* _Instructions for the task_
Print, word for word, only the lines from the one with "Good Wallpaper Name" down to the last line of the listing below; no pictures.

* _Provided material_
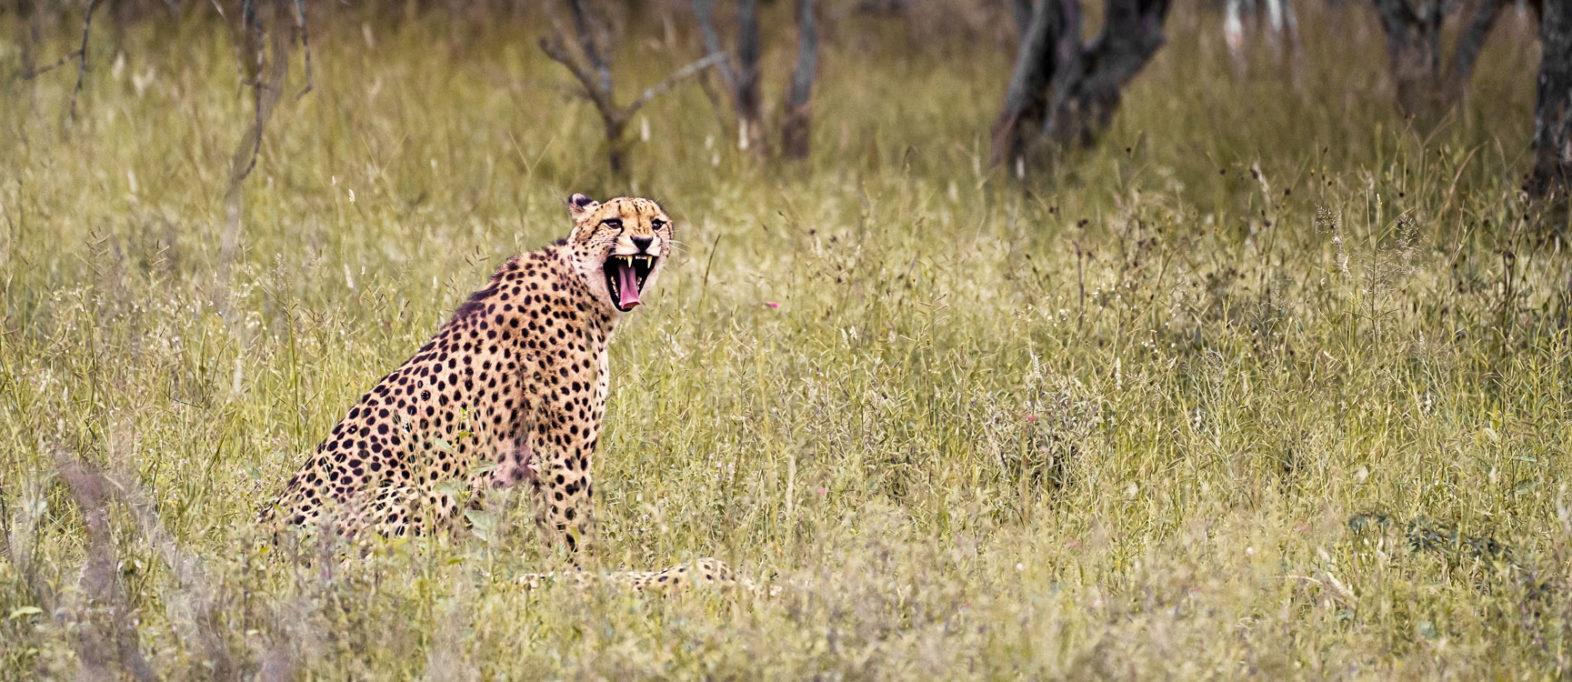 Ranger Ausbildung bei EcoTraining: Gepard
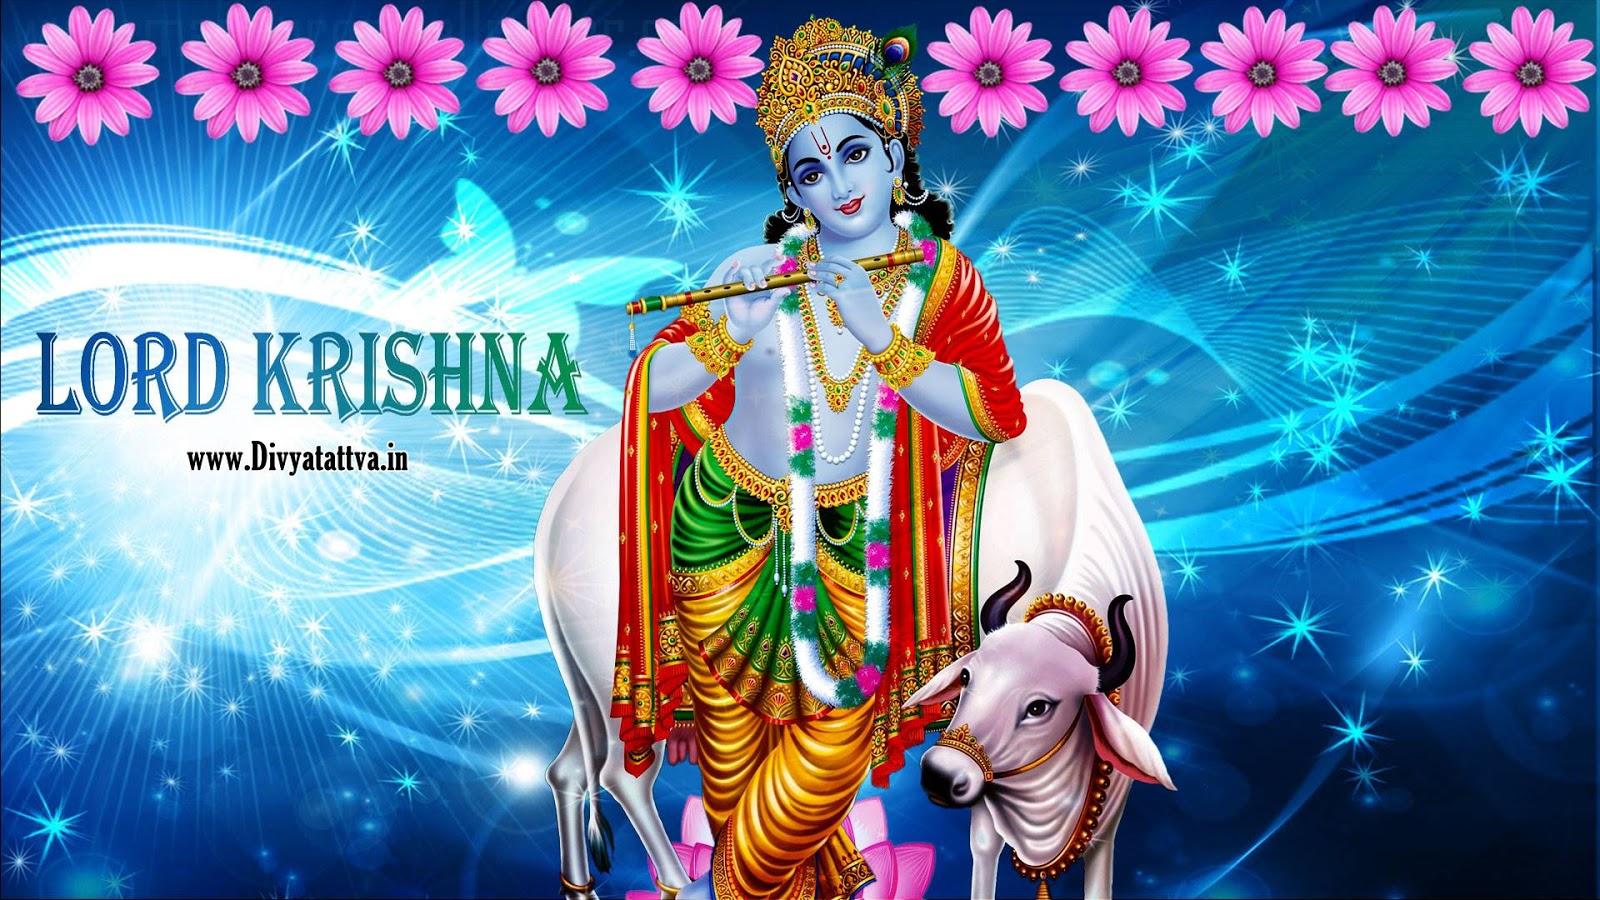 Good Wallpaper Name Divya - jai-shri-krishna-wallpaper-cow-wallpaper-images-backgorunds-graphics-animated-www  Graphic_809567.jpg
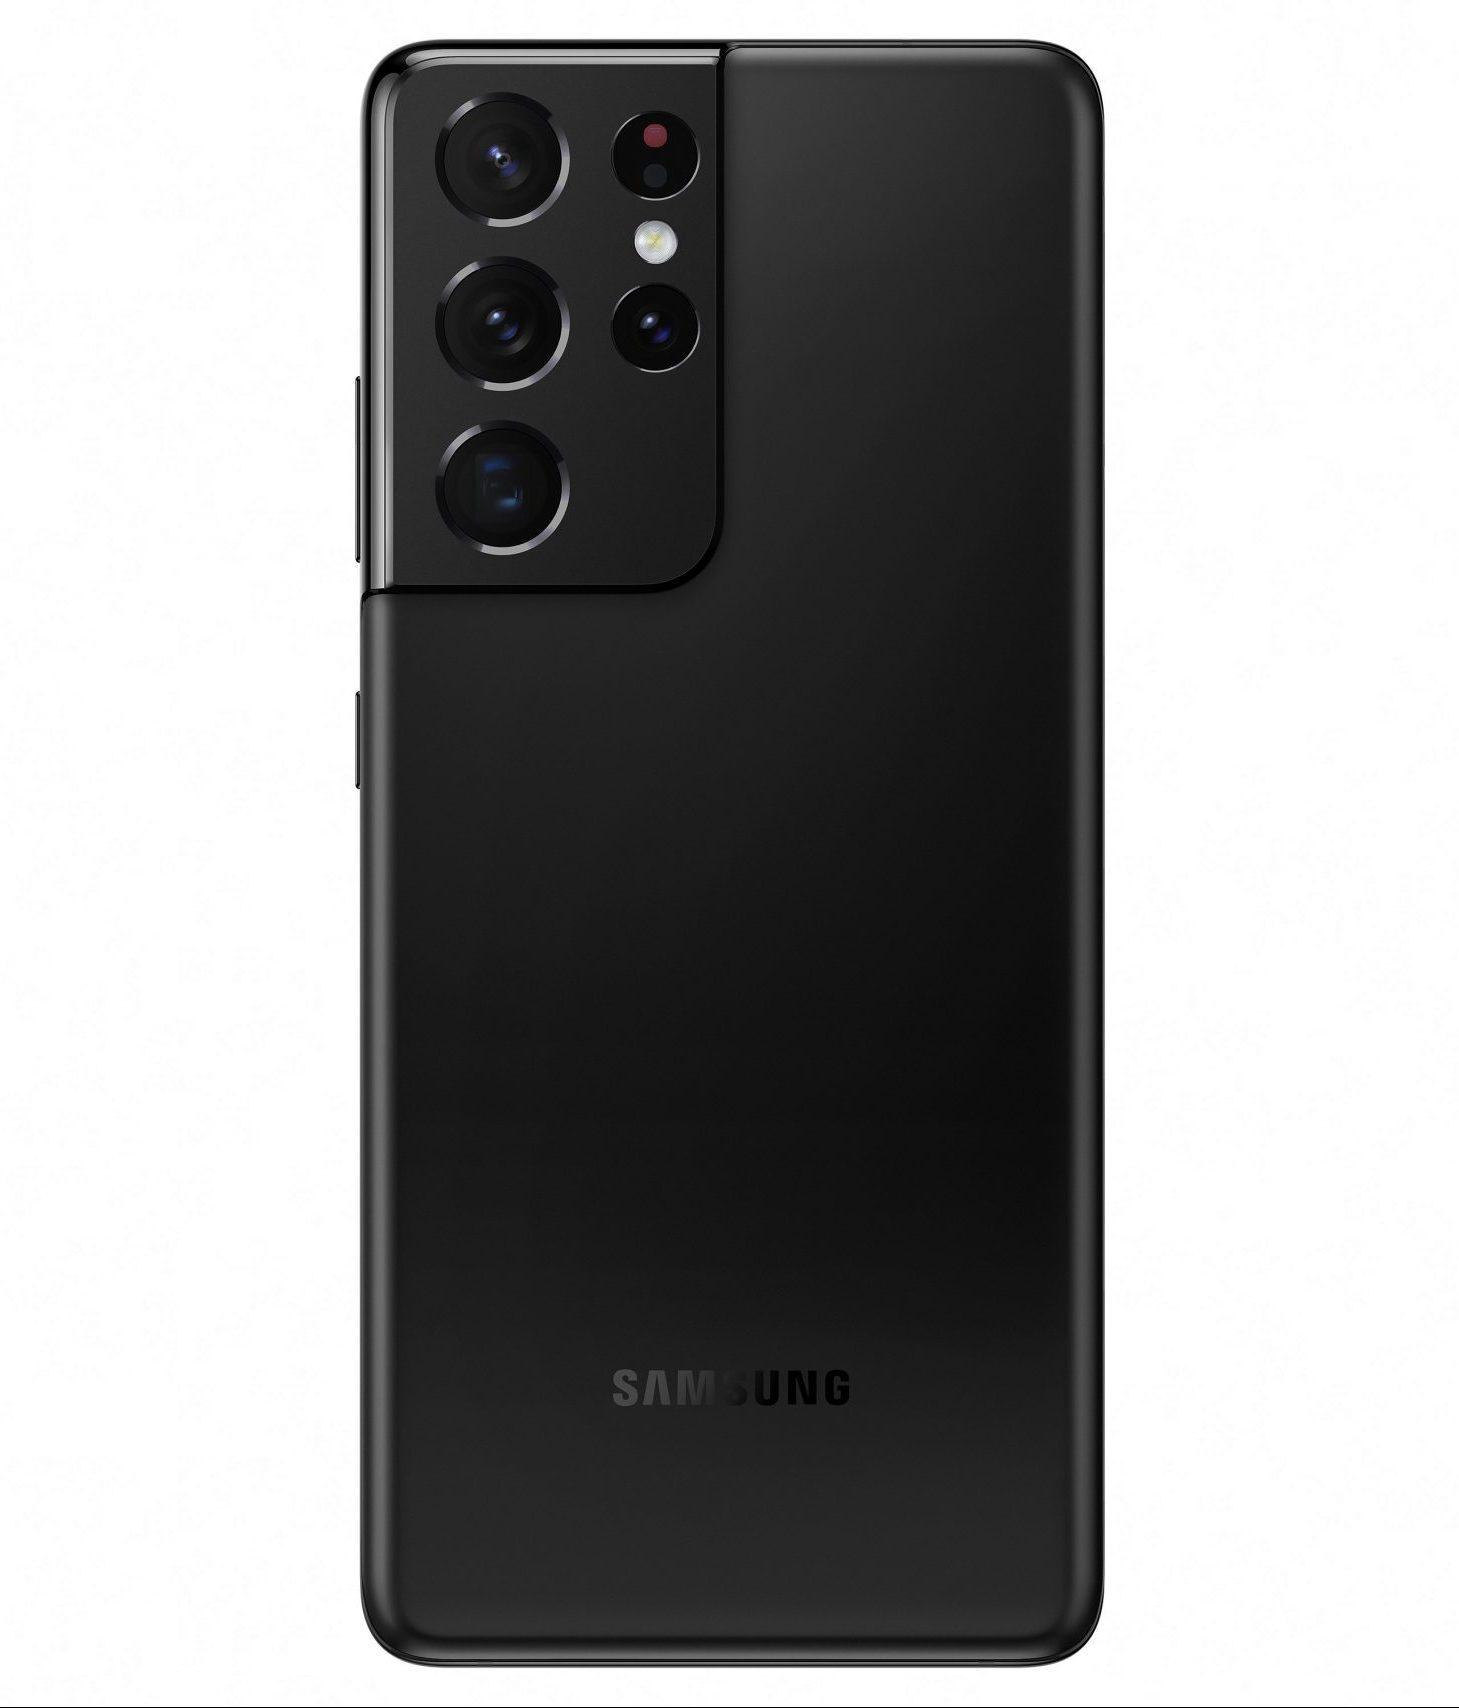 Samsung Galaxy S21 Ultra 5G - www.vodafone.co (3)

* _Solution to this exercise_
 Good Wallpaper Name Divya - jai-shri-krishna-wallpaper-cow-wallpaper-images-backgorunds-graphics-animated-www  Graphic_809567.jpg
 Samsung Galaxy S21 Ultra 5G - www.vodafone.co (3)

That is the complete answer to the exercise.